- WHAT THE EXERCISE ASKS: Reproduce all the lines below exactly and omit the images.

- DATA SECTION:
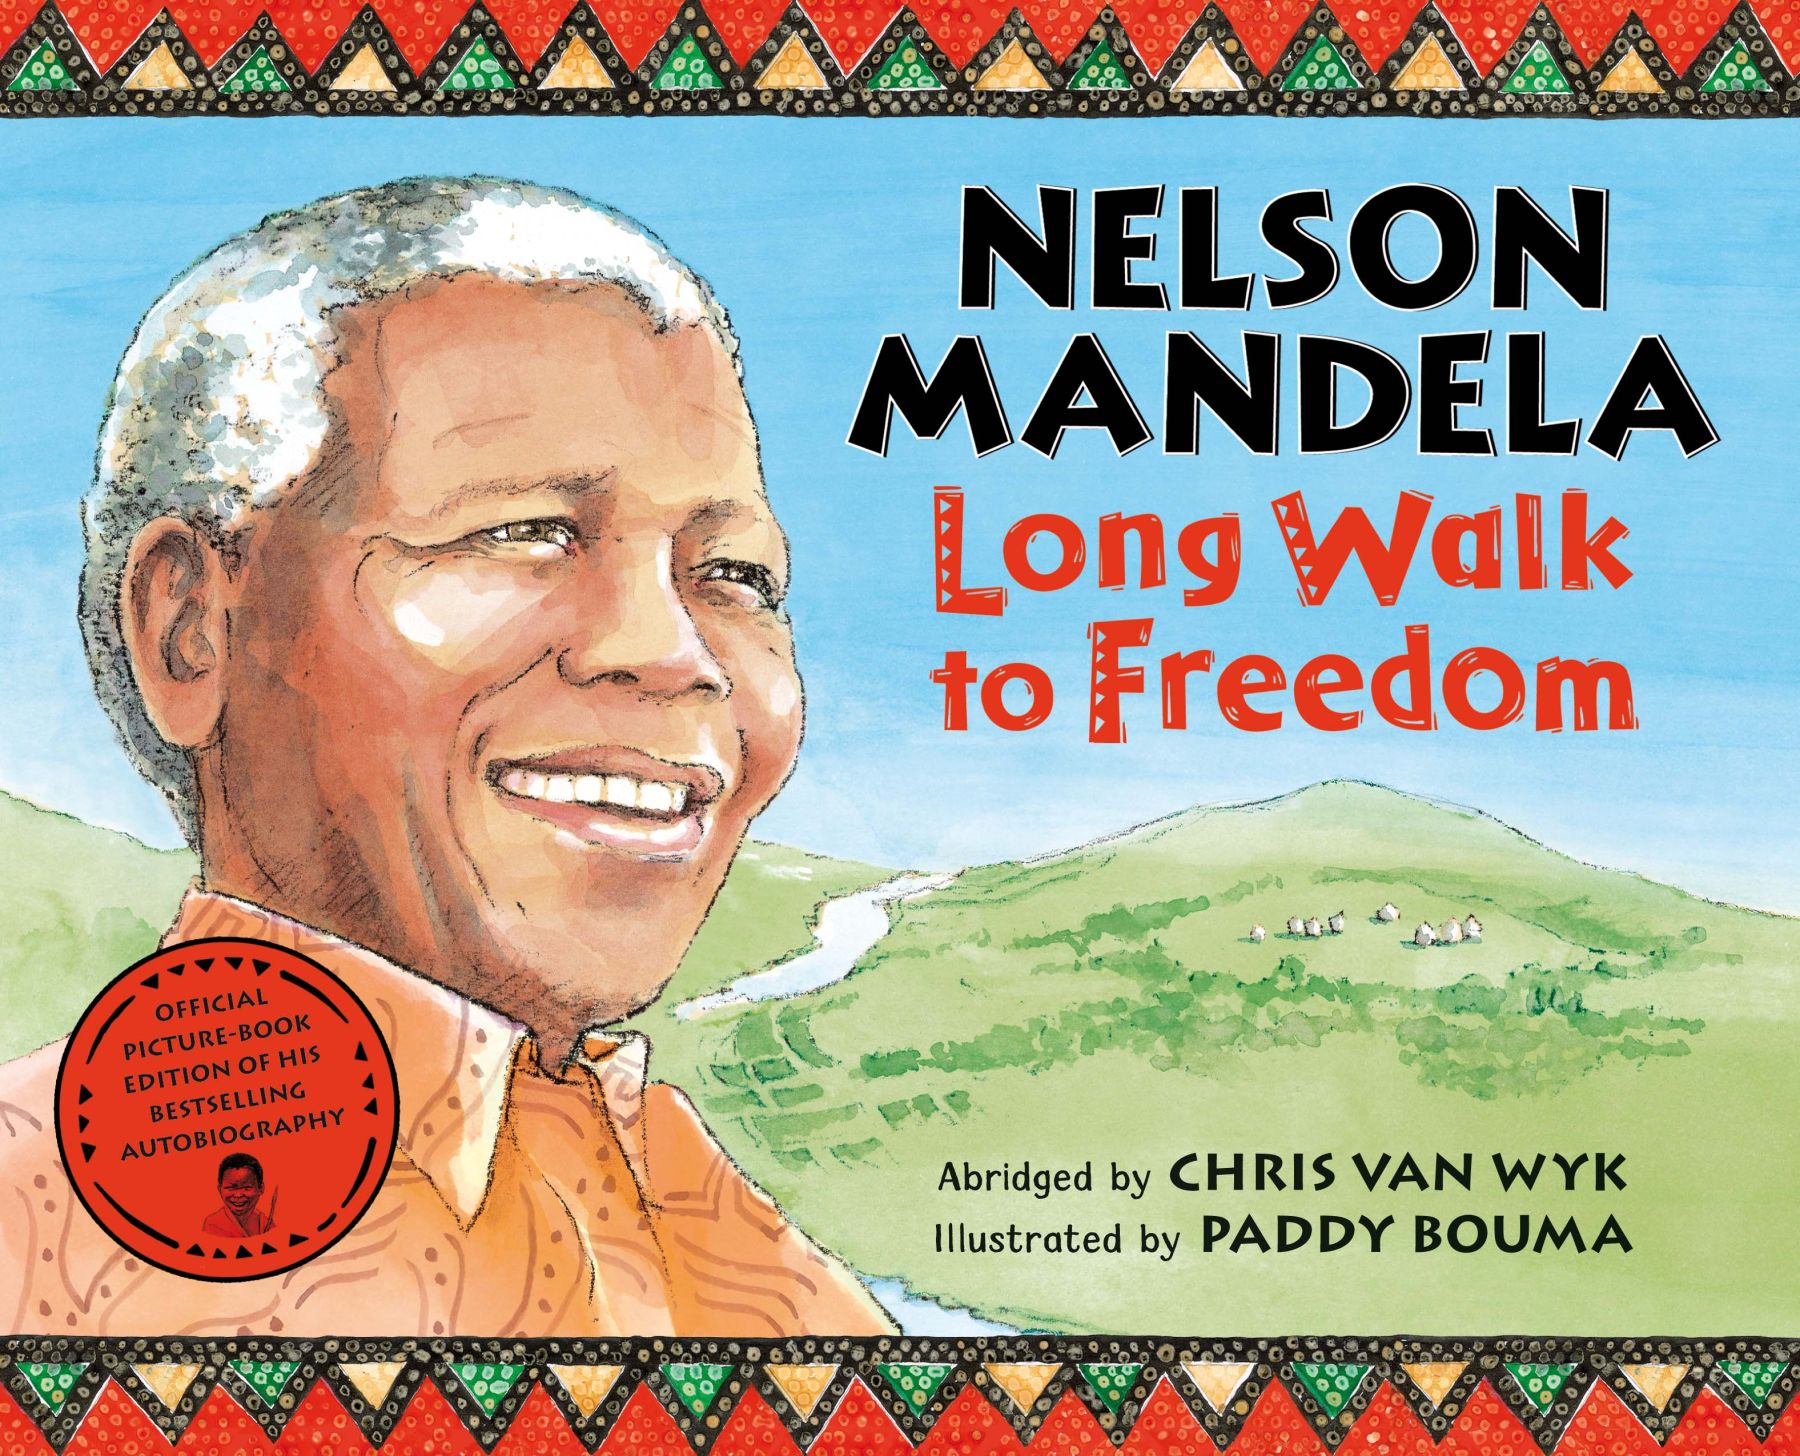 essay on nelson mandela long walk to freedom
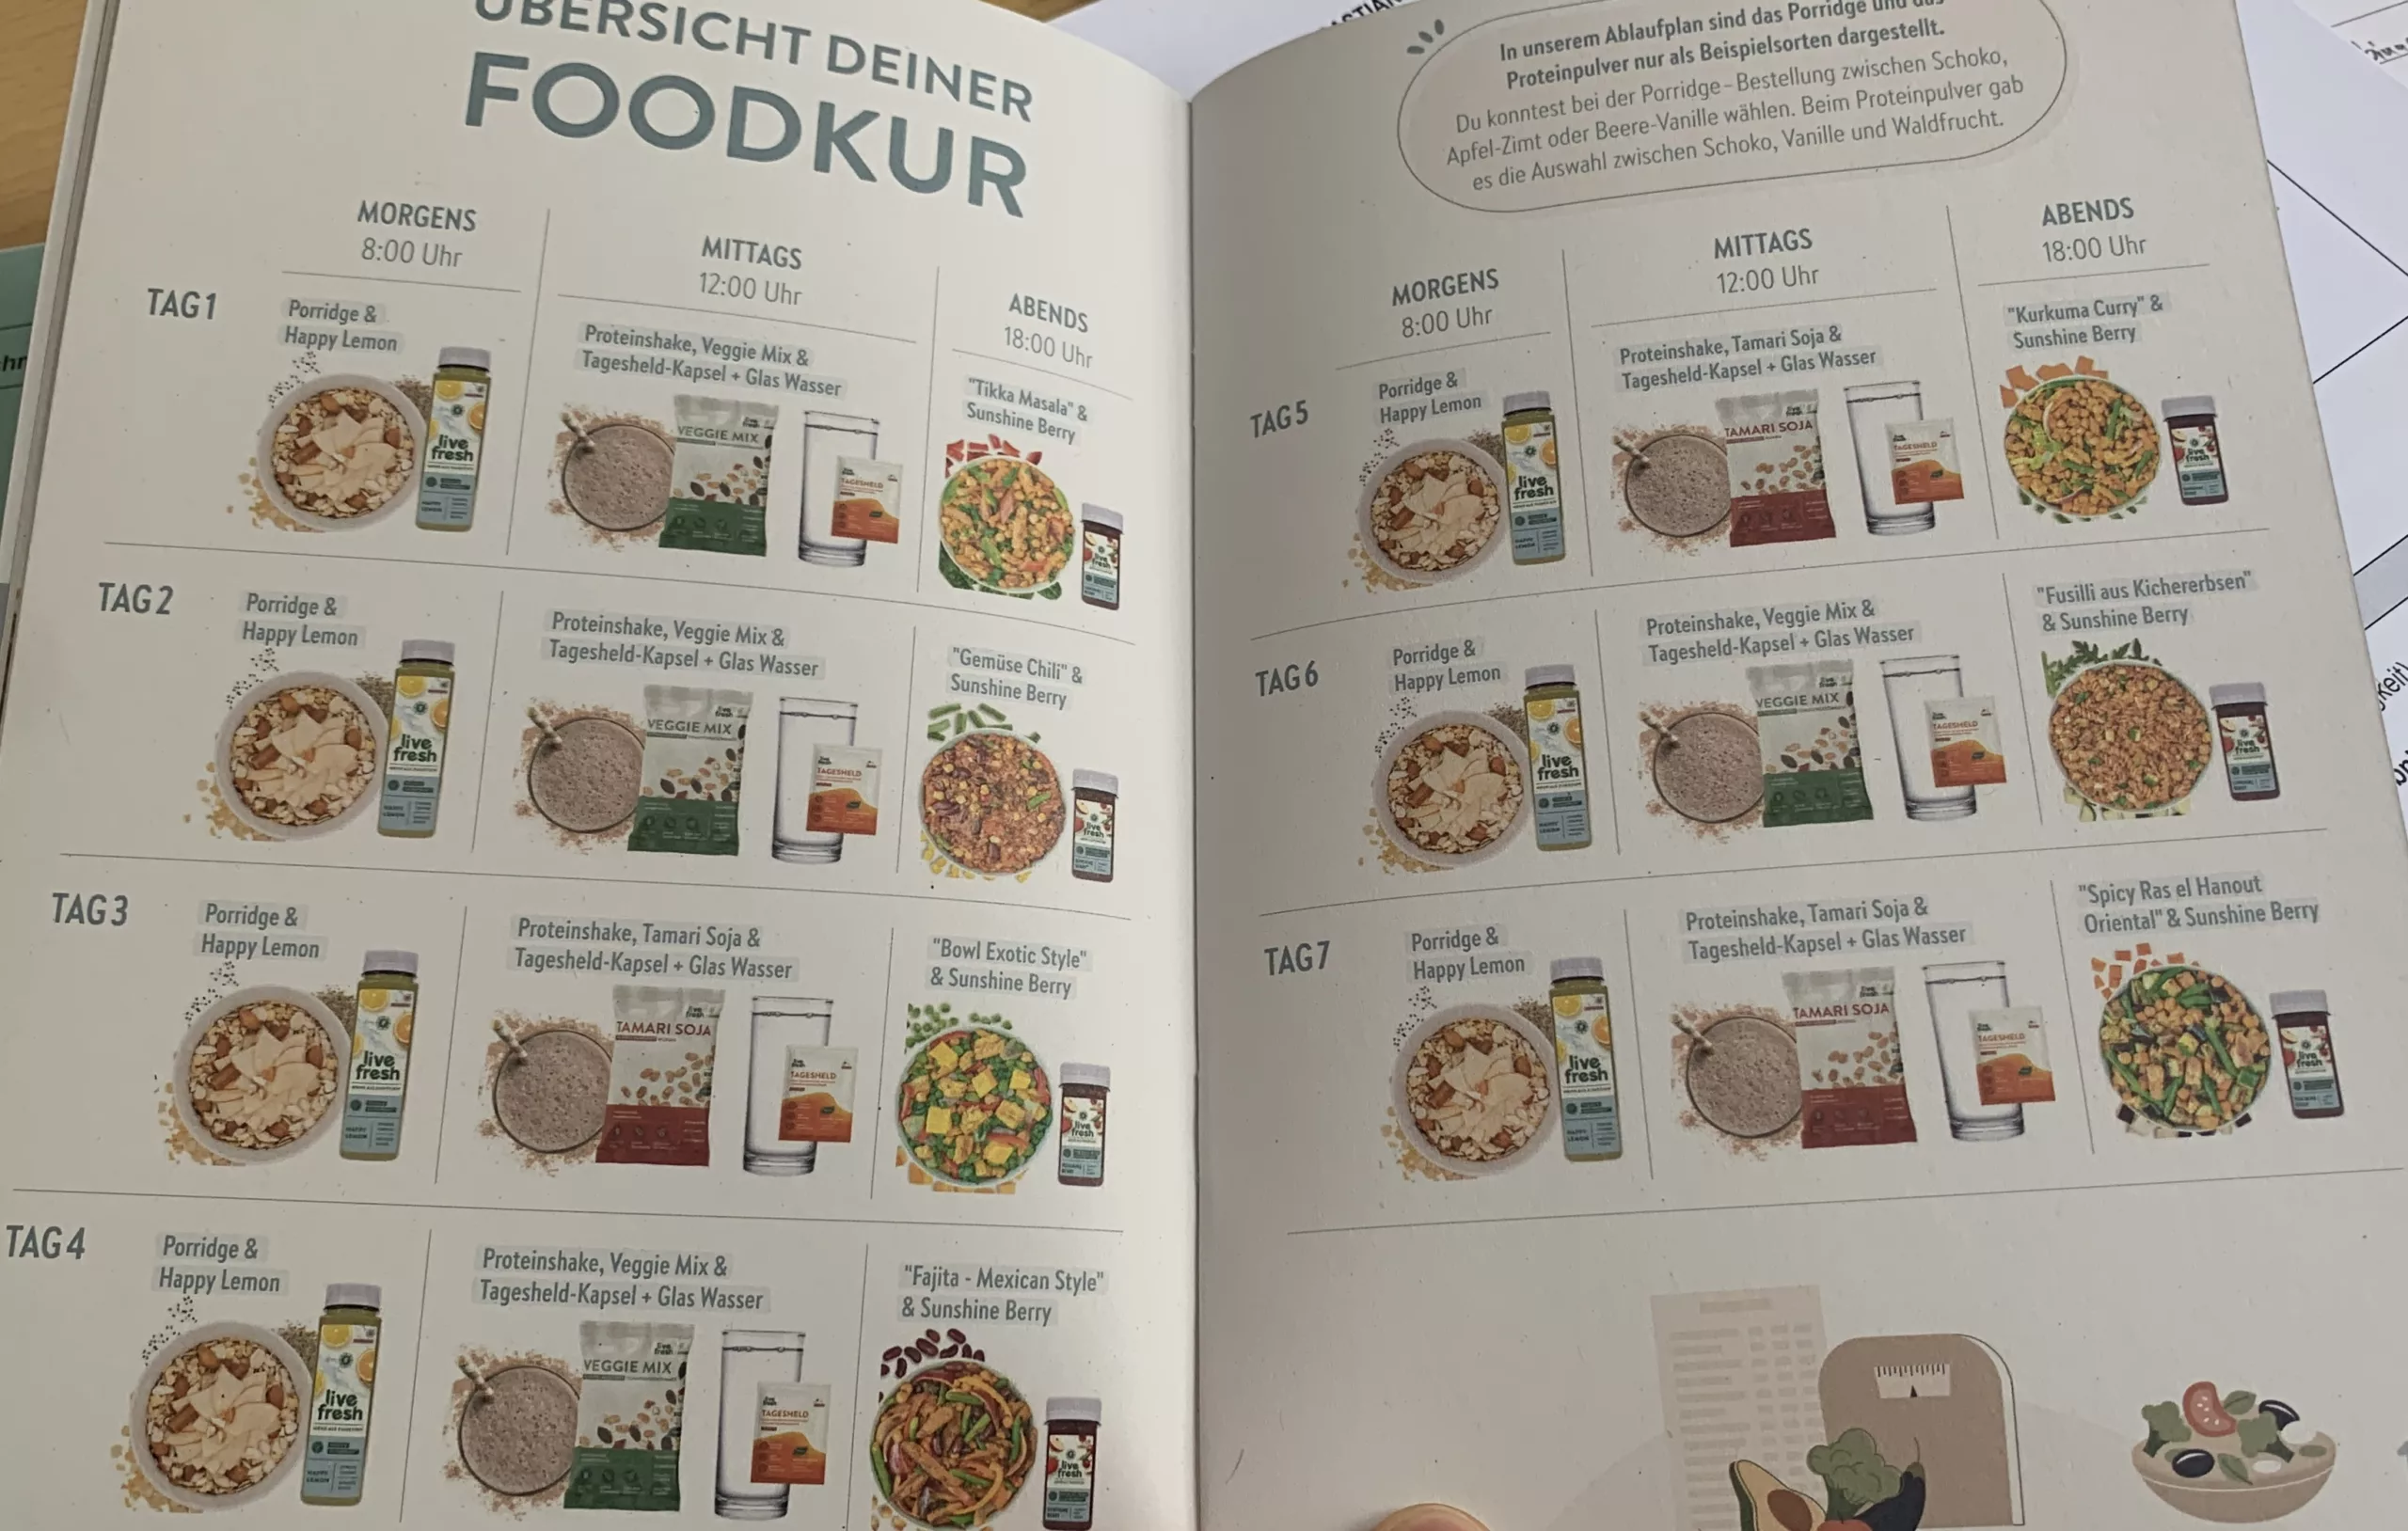 LiveFresh Foodkur Guide
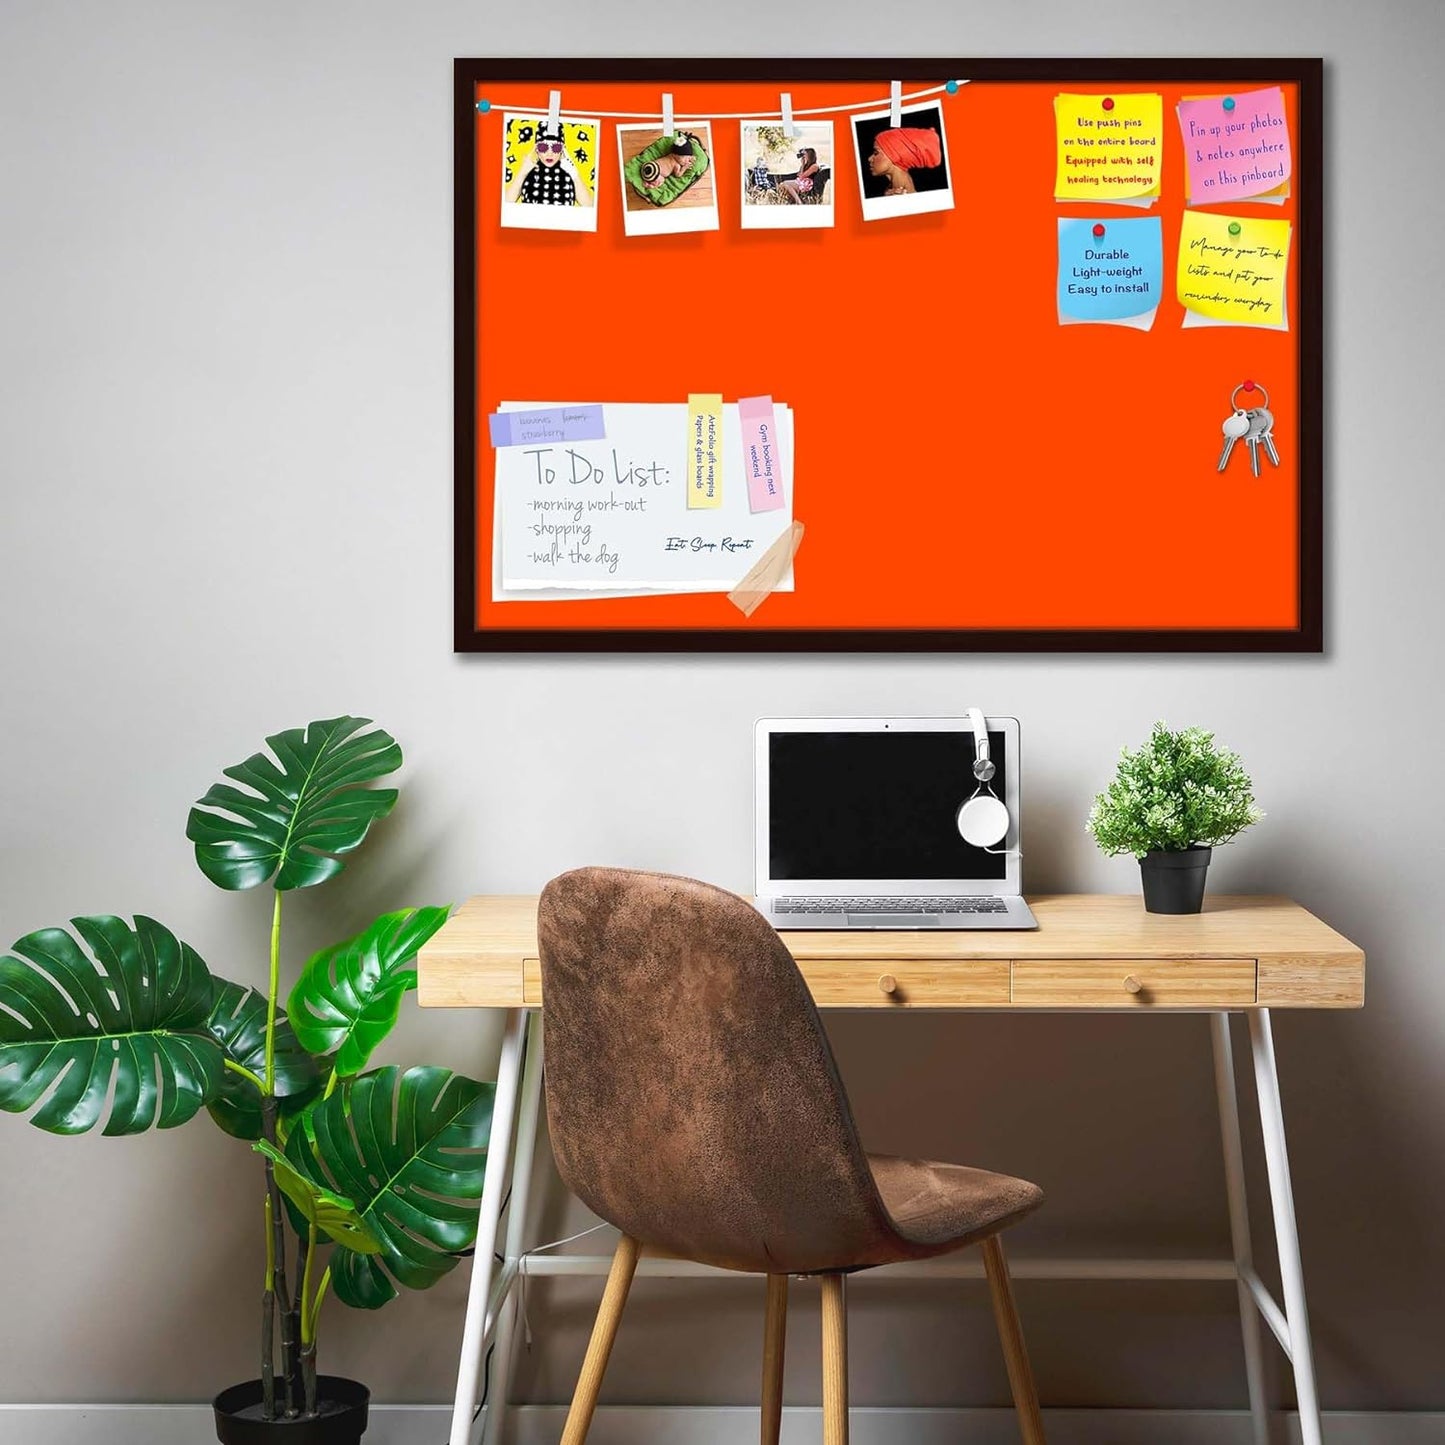 Digismart Noticeboard Nova Channel (Orange) for Office, Home & School Aluminum Frame (Pack of 1) (Non Magnetic)

- REPLY TO THE EXERCISE:
 essay on nelson mandela long walk to freedom
 LiveFresh Foodkur Guide
 Digismart Noticeboard Nova Channel (Orange) for Office, Home & School Aluminum Frame (Pack of 1) (Non Magnetic)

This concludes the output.